How Networks in the Brain Give Us Artificial Intelligence
- Published5 Oct 2023
- Source BrainFacts/SfN
Networks of neurons that fire together, wire together. And neuronal networks you don’t use, you may lose. Our interactions with the world refine the strength and structure of our neural networks, which influence all our thoughts, feelings, and actions. Inspired by the power of our biology, researchers have mimicked these processes in computer models. These artificial neural networks serve as the building blocks for many artificial intelligence (AI) applications, enabling computers to learn, reason, and make decisions in ways that resemble human thought.
This is a video from the 2023 Brain Awareness Video Contest.
Created by Manveer Chauhan and Ria Agarwal.
CONTENT PROVIDED BY
In each of our brains, we have around 100 billion cells called neurons. These cells are specialized to generate pulses of electricity to transmit information. Neurons also form extensive connections with one another. We have around 1,000 trillion of these connections, which are also known as synapses.
Synapses act as a bridge allowing neurons to communicate to each other through the action of neurotransmitters. Neuroscientists call groups of neurons that form synaptic connections neural networks.
An important property of neural networks is a feature called synaptic plasticity, which refers to our brain's ability to modify the strength of signals transmitted through each synapse. Let's delve deeper into the two main forms of synaptic plasticity.
The first is called long-term potentiation, or LTP. LTP enhances the effect of chemical signals in synapses when two neurons fire together repeatedly. This process essentially marks the neuron firing combinations or neuron signaling pathways that are important for a particular task. As such, LTP forms the basis for learning and even helps in memory formation.
The second form of synaptic plasticity is called long-term depression or LTD. In contrast to long term potentiation, LTD weakens synaptic connections between neurons that are not frequently used. By weakening unnecessary connections, neural networks become more efficient at processing information and performing their unique function. These concepts of synaptic plasticity apply all over the brain and are what allow us to change and adapt to our environments.
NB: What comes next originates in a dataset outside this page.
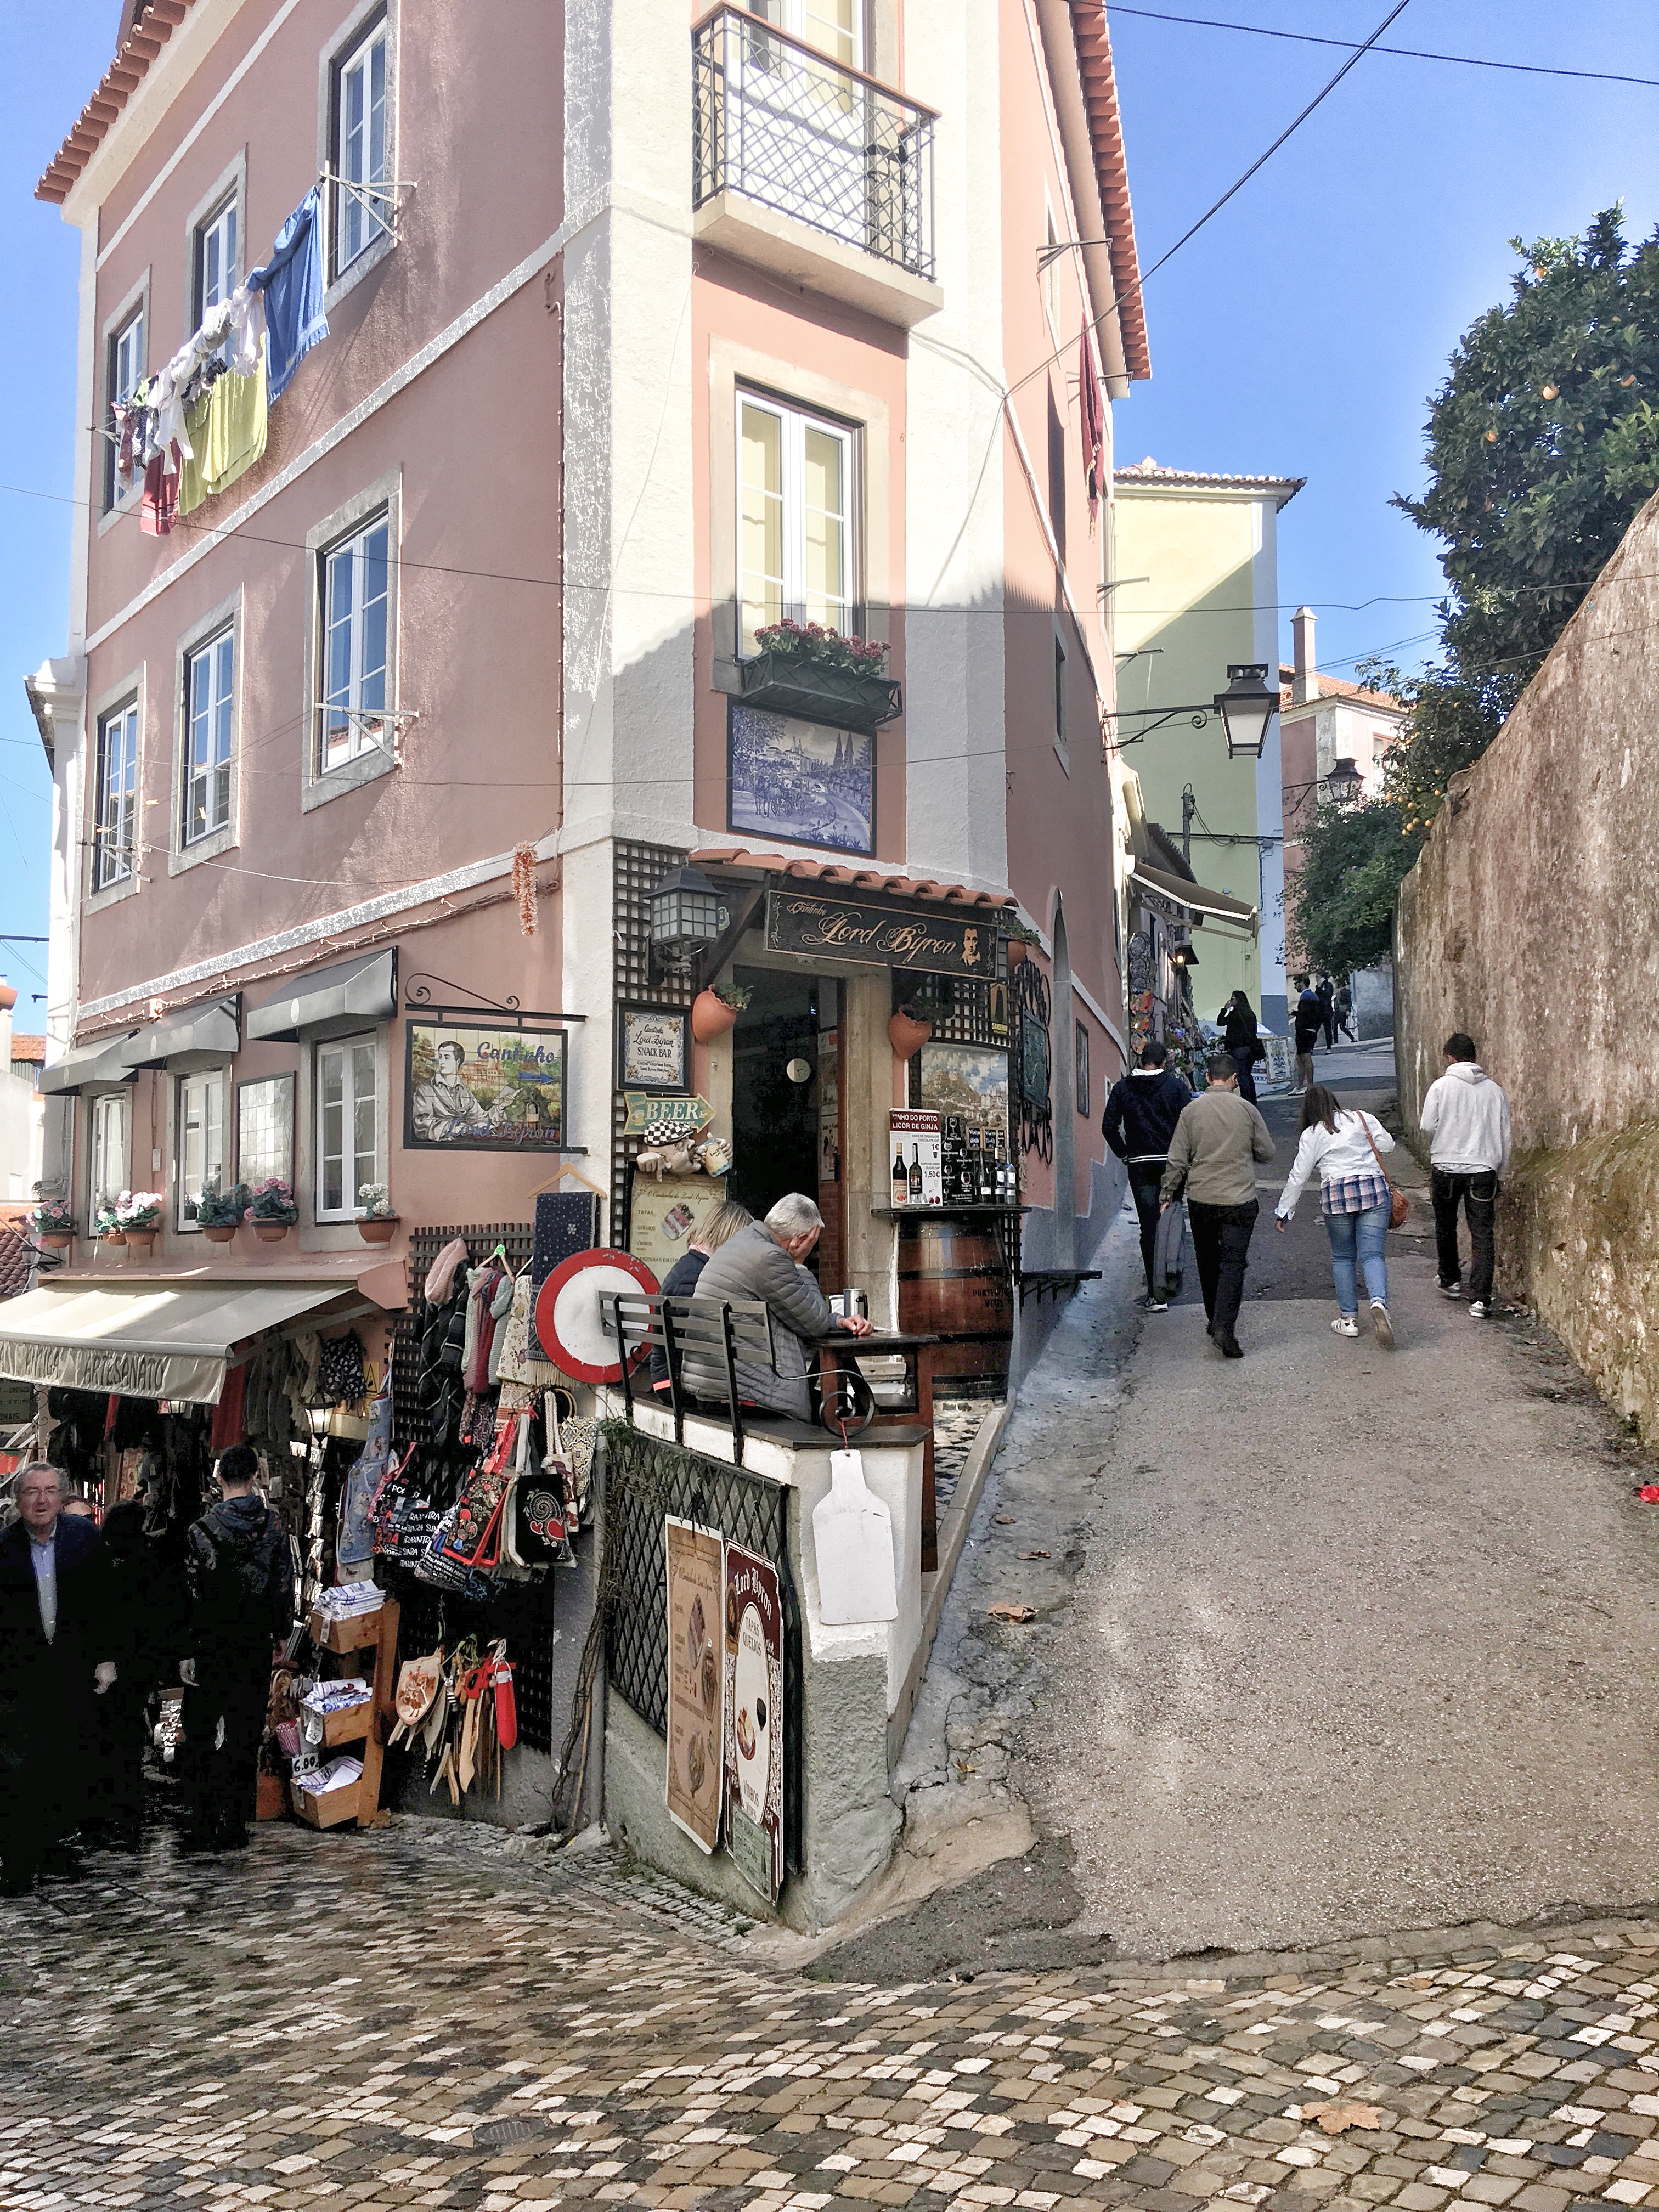 Cute alleyways in Sintra

Our life experiences and interactions with the world around us are what drive the refinement of the neural networks that give rise to all of our thoughts, feelings, and actions. Inspired by the power of neural networks in our brains and the concept of synaptic plasticity, researchers have been able to mimic these processes in computer models called artificial neural networks. These networks serve as the building blocks for many AI, or artificial intelligence applications, enabling computers to learn, reason, and make decisions in ways that resemble human thought.
Artificial neural networks can be represented like this. Each node, pictured as individual circles, represents a neuron. These nodes send signals to one another with varying levels of strength and efficiency much like our brain's use of long-term potentiation and long-term depression. With repeated exposure to data, artificial neural networks can adjust the strength of connections and signals between nodes to achieve certain functions or outputs.
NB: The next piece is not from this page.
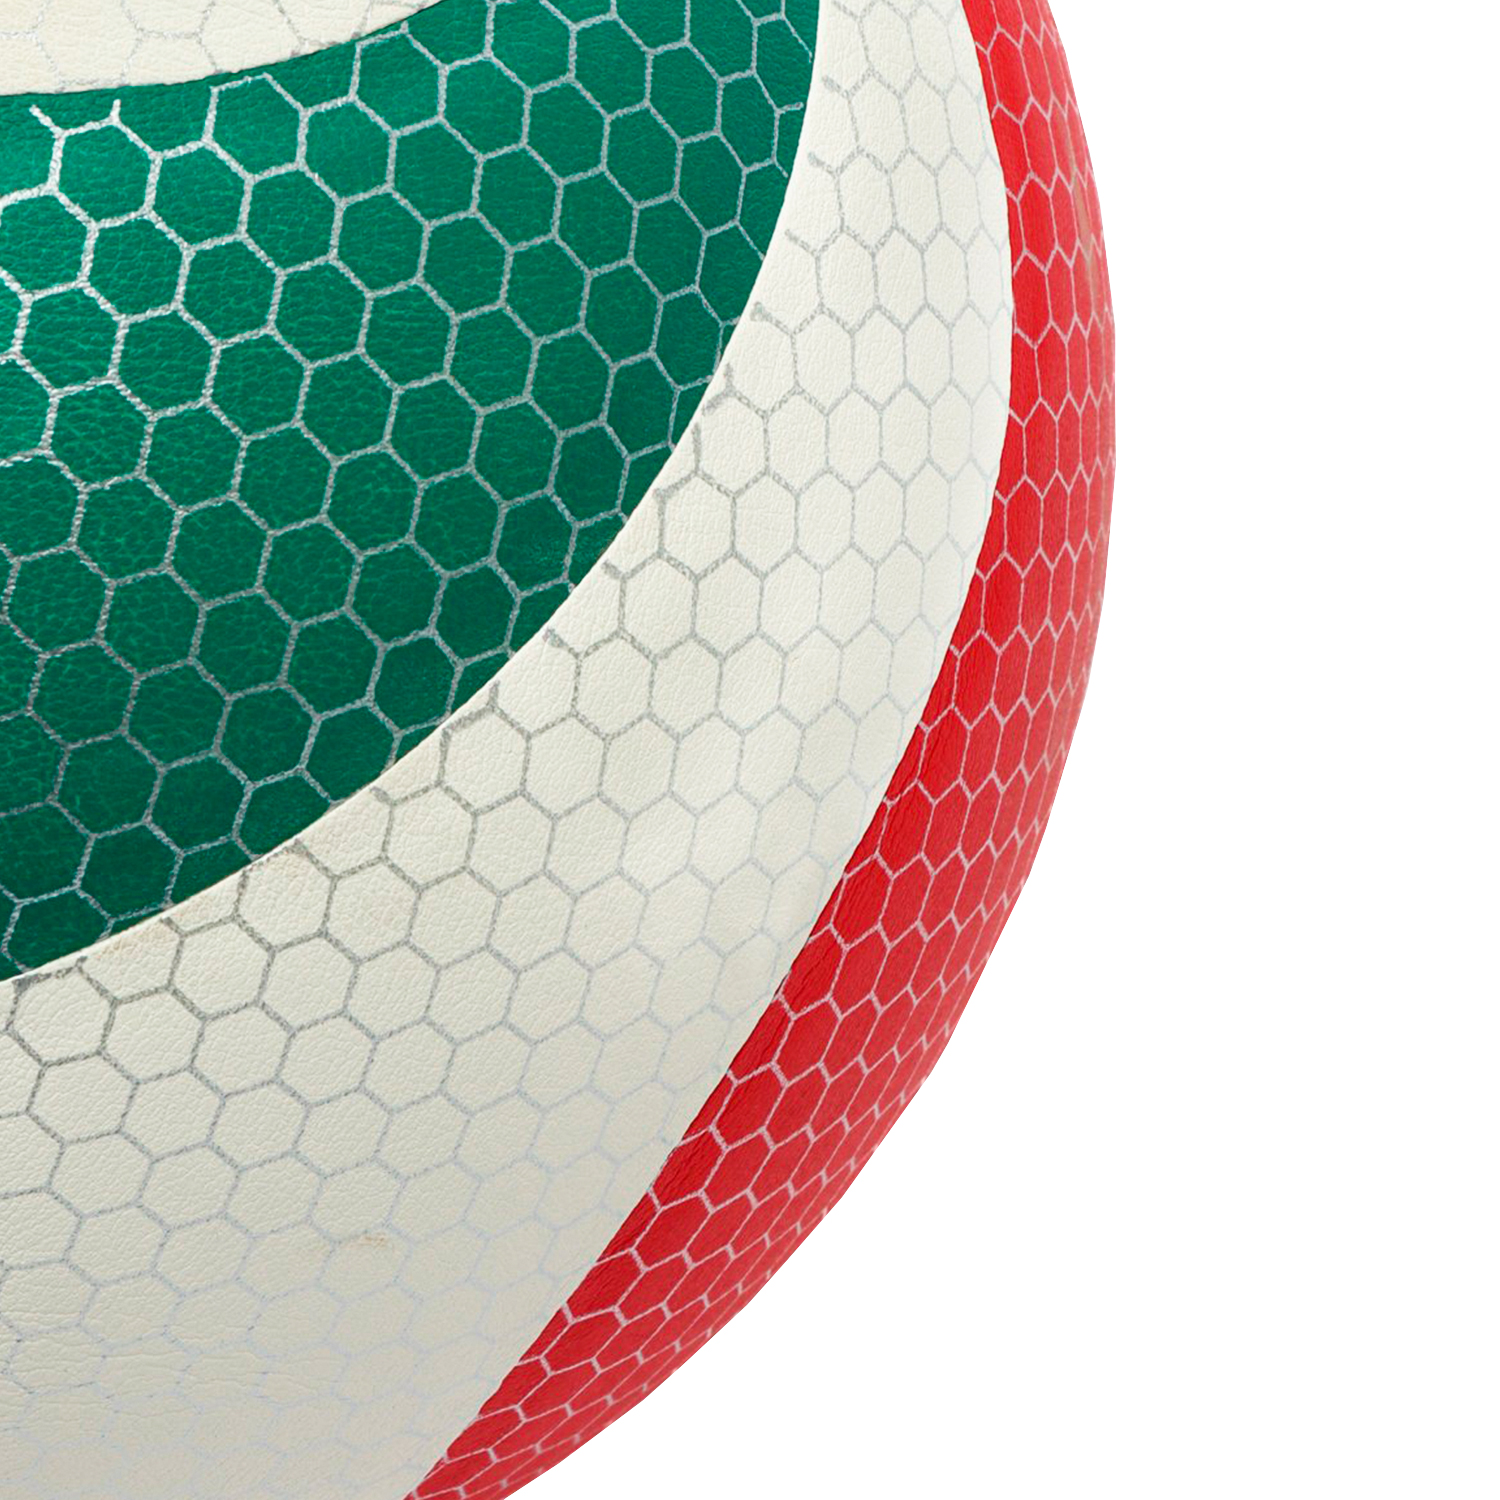 Волейбольный мяч PowerGym 5000, купить волейбольный мяч

The similarities between biological and artificial neural networks become clear in the example of language. When we learn a new language, we start by observing and listening to others. We hear the sounds of letters, words, phrases and conversations. As the signals within our neural networks gradually adapt and refine thanks to LTP and LTD, our brain begins to recognize patterns and meaning.
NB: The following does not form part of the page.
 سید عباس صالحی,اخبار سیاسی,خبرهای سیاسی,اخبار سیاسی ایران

Similarly, AI can learn and generate language when exposed to large amounts of text. It can analyze the letters, words, phrases, and relationships within text. And through the power of plasticity in artificial neural networks, it can start recognizing patterns and associations between words. Much like in humans, as artificial neural networks continue to adapt and refine when shown data, AI can improve its understanding of language and can even start writing its own human-like text.
Using our understanding of neural networks within our brains, we can make AI programs that learn to create classical music like Mozart, play chess better than professionals, spot cancerous tumors from X-rays, drive cars, or even generate human-like speech. In fact, the voice you've been hearing throughout this video has been generated entirely by using artificial neural networks and AI.
The applications of neural networks are vast and ever-evolving and will, without a doubt, significantly shape the future of our society.